Sekadar mengingatkan diri kita, lihat futuwwa dalam organisasi orang-orang yang menamakan diri mereka al Fatah yang mencoba mendinamit pemuda-pemuda musuh dan menghadapi mereka ketika penduduk menentang Rasulullah shallallahu ‘alaihi wasallam, menyingkirkan para pemuda sehingga mereka dapat berjuang fi sabilillah, berjuang demi Rasulullah shallallahu ‘alaihi wasallam.
Dengan demikian Dien harus dimulai kembali dalam segala hal. Kitalah orang yang harus memulai dan di benua ini harus dimulai. Hal ini berasal dari penduduk dan anak-anak kita, kita harus memiliki adab terhadap mereka, kita harus memperlakukan mereka dengan kehangatan. Kita harus memperlakukan anak-anak kita, pemuda dan orang tua dengan sopan santun, kita harus menjadi orang beradab dan jika kita menjadi orang beradab kita akan selamat. Jika kita menjadi orang beradab kita akan menjadi sufi. Attariqa kulluha adab. Tarekat tidak lain adalah adab- semuanya adalah adab.
Kita juga harus memiliki rasa hormat terhadap diri sendiri. Rasa hormat terhadap diri sendiri akan terwujud hanya jika semua orang di sekitar kita merasa tenang dan dalam keadaan harmonis dengan kita dan merasa senang kita ada di sana. Seperti inilah kita seharusnya. Kita harus menjadi berkah untuk alam semesta, untuk semua orang. Kita harus menjadi orang yang ketika memasuki sebuah ruang semua merasa senang karena cinta kita kepada Rasulullah shallallahu ‘alaihi wasallam, cinta kita kepada Allah subhaanahu wa ta’ala dan karena lidah kita selalu menyebut Allah dan bukan remeh temeh dunia. Peristiwa dunia pasti terjadi. Segala strategi dan keruntuhannya tidak akan menggoyahkan telinga kita, semuanya selalu terjadi dan akan terus terjadi. Pada saat ashabul Kahfi keluar, mereka berhadapan kembali dengan dunia dan segala persoalan dan semua kesulitan tetapi Allah mencintai orang-orang yang memiliki tawhid dan mencintai orang-orang yang mencintai-Nya dan ini merupakan kelompok, jamaah kaum Sufi.
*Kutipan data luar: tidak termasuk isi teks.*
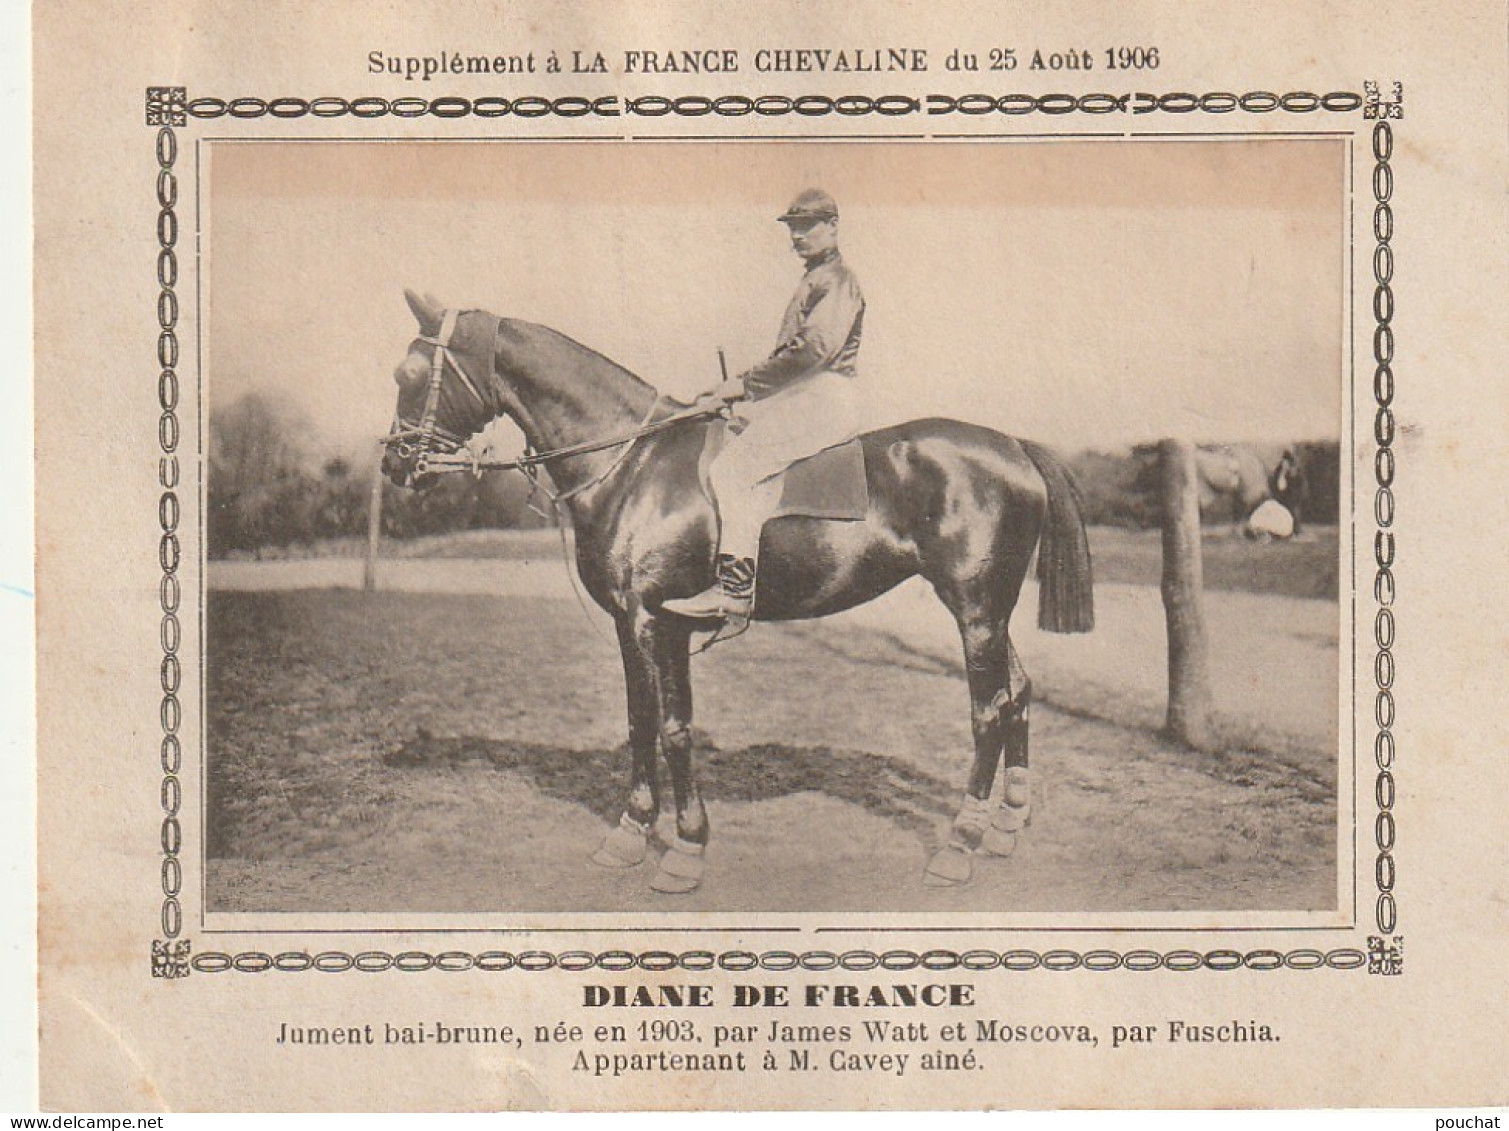 AA+ - " DIANE DE FRANCE " - JUMENT BAI BRUNE APPARTENANT A M. CAVEY AINE - SUPPL. FRANCE CHEVALINE AOUT 1906 - Paardensport
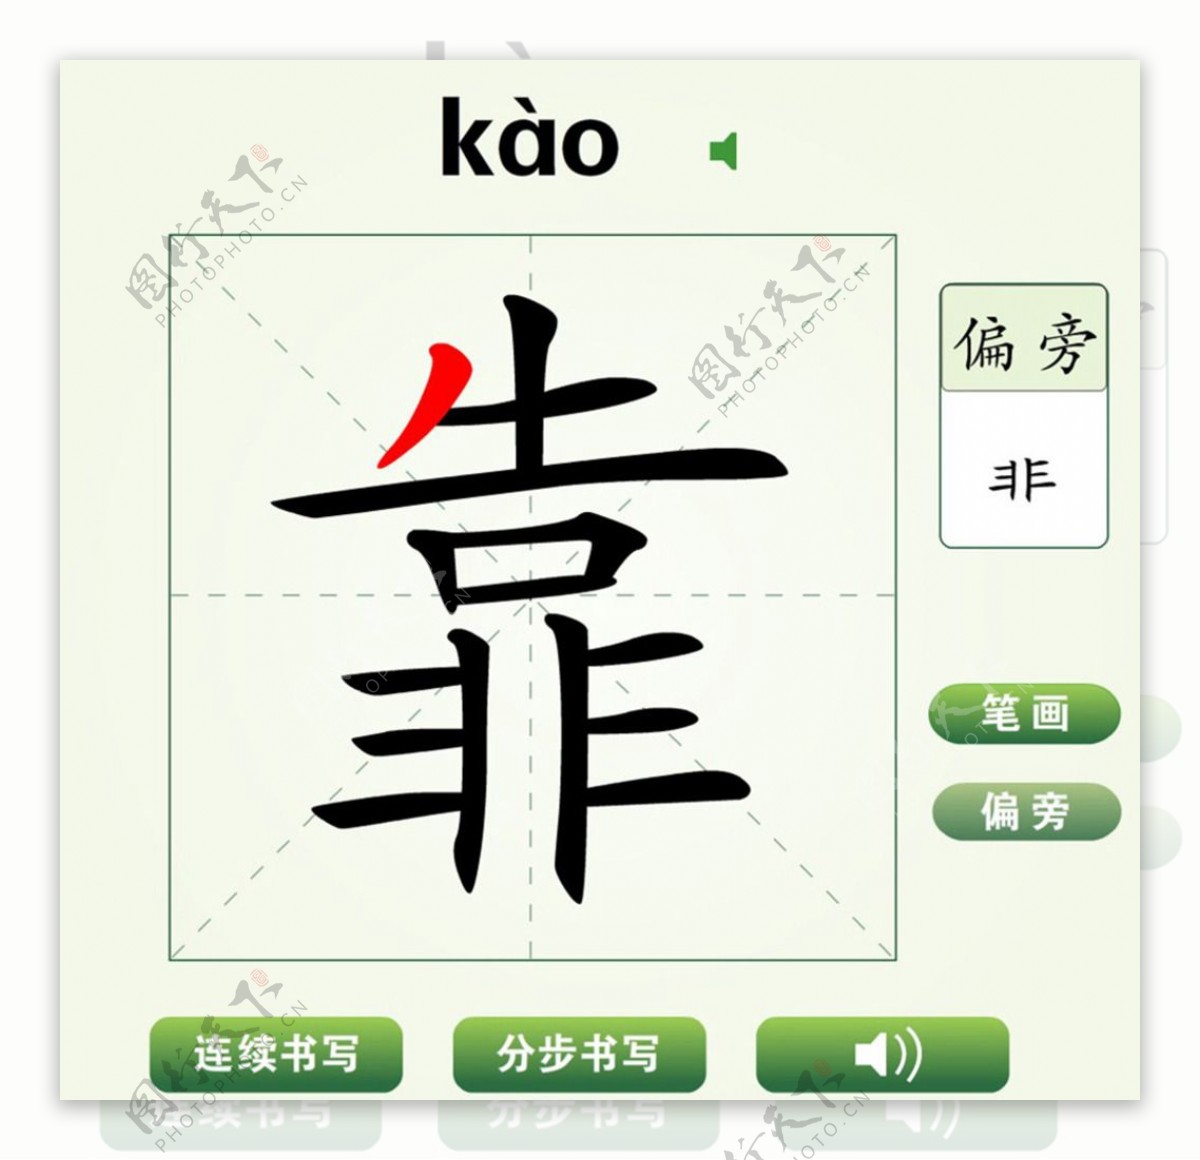 中国汉字靠字笔画教学动画视频

Kita memohon kepada Allah subhaanahu wa ta’ala agar memberi dalam kehidupan kita jamaah para sufi. Kita memohon kepada Allah subhaanahu wa ta’ala agar tasawuf tumbuh dan berkembang di mana saja bagian dunia yang kita datangi. Kita memohon kepada Allah subhaanahu wa ta’ala agar kita lebih memilih jamaah orang-orang yang hanya menginginkan Allah dibanding yang lain dan berilah kita keuntungan di dunia ini. Kita memohon kepada Allah subhaanahu wa ta’ala agar menjadikan diri kita siap menghadapi ujian yang datang sehingga mampu mengatasinya. Alhamdulillahi ala kulli hal. Kita memohon kepada Allah subhaanahu wa ta’ala untuk memberi rahmat para imam serta para penjaganya dan semoga tetap menjadi saksi bagi Islam sebagaimana terjadi pada masa-masa sulit dahulu. Amien.